I have to say, this last week was a rough one, and I'm glad it is over. One of those "...guess I'll go eat worms" kind of weeks. Seems most of my co-workers are no longer speaking to me (none of them will tell me why), and to top it off, I received my worst review score of my entire professional career. To say I was taken aback is an understatement. Mind you, I've still never received the actual review, just the score, which was below target. I asked for some explanation, and the way I understand it, it was based on some negative feedback from another manager months ago. I was told that I accomplished everything I set out to do last year, but apparently need to work on my personality, which gave me "mixed results". Ouch!
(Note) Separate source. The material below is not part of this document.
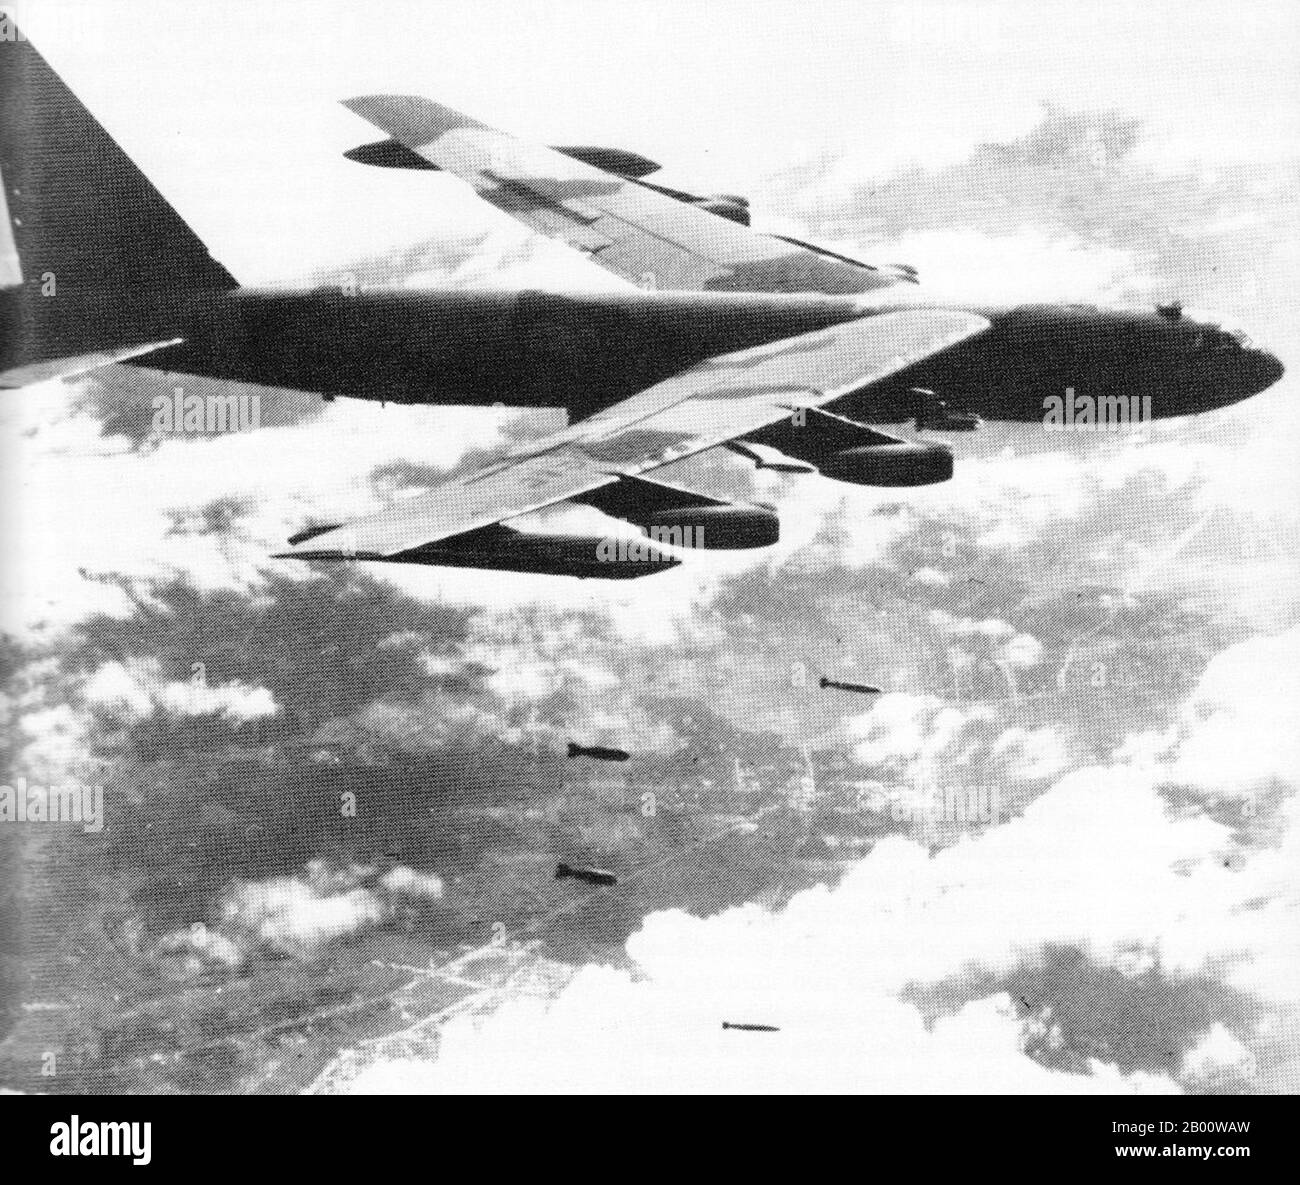 Vietnam: Una USAF B-52 Stratofortress su una bomba corrono sul Vietnam del Nord durante l'operazione Linebacker II, 1972. L'operazione Linebacker II è stata una settima campagna di bombardamenti aerei della US Navy Task Force 77, condotta contro obiettivi nella Repubblica Democratica del Vietnam (Vietnam del Nord) durante il periodo finale del coinvolgimento degli Stati Uniti nella guerra del Vietnam. L'operazione è stata condotta dal 18 al 29 dicembre 1972, portando a diversi nomi informali come 'le Rausili di dicembre' e 'i bombardamenti di Natale'. Ha visto i più grandi attacchi di bombardieri pesanti lanciati dall'aeronautica americana dalla fine della seconda guerra mondiale Foto Stock

Of course, I know I'm not perfect. And it would be really easy to be totally devastated and deflated by it all, and to work my way through an entire carton of ice cream. I've tried not to be, although I confess that in being an achievement-oriented person, there are some moments I'm more successful at it than others. But I've prayed to feel the Lord's love, I've read scriptures (Isaiah in particular), and I've been re-reading portions of an awesome book that my sister-in-law gave me for Christmas called "Facing the Son". The point of all these efforts is to try to remember my worth as a Child of God, and not find my sense of self-worth in recognition (or in this case, lack of recognition) from other people.
Another thing I'm trying to do is not be angry or upset with my manager or the other manager involved. These things are pretty subjective anyway - someone else doesn't have my perspective and I don't have theirs, and really one isn't any better than another. It's kind of like judging a figure skating routine. Unless one of the skaters falls flat on their face, who's to say their interpretation is better than someone else's?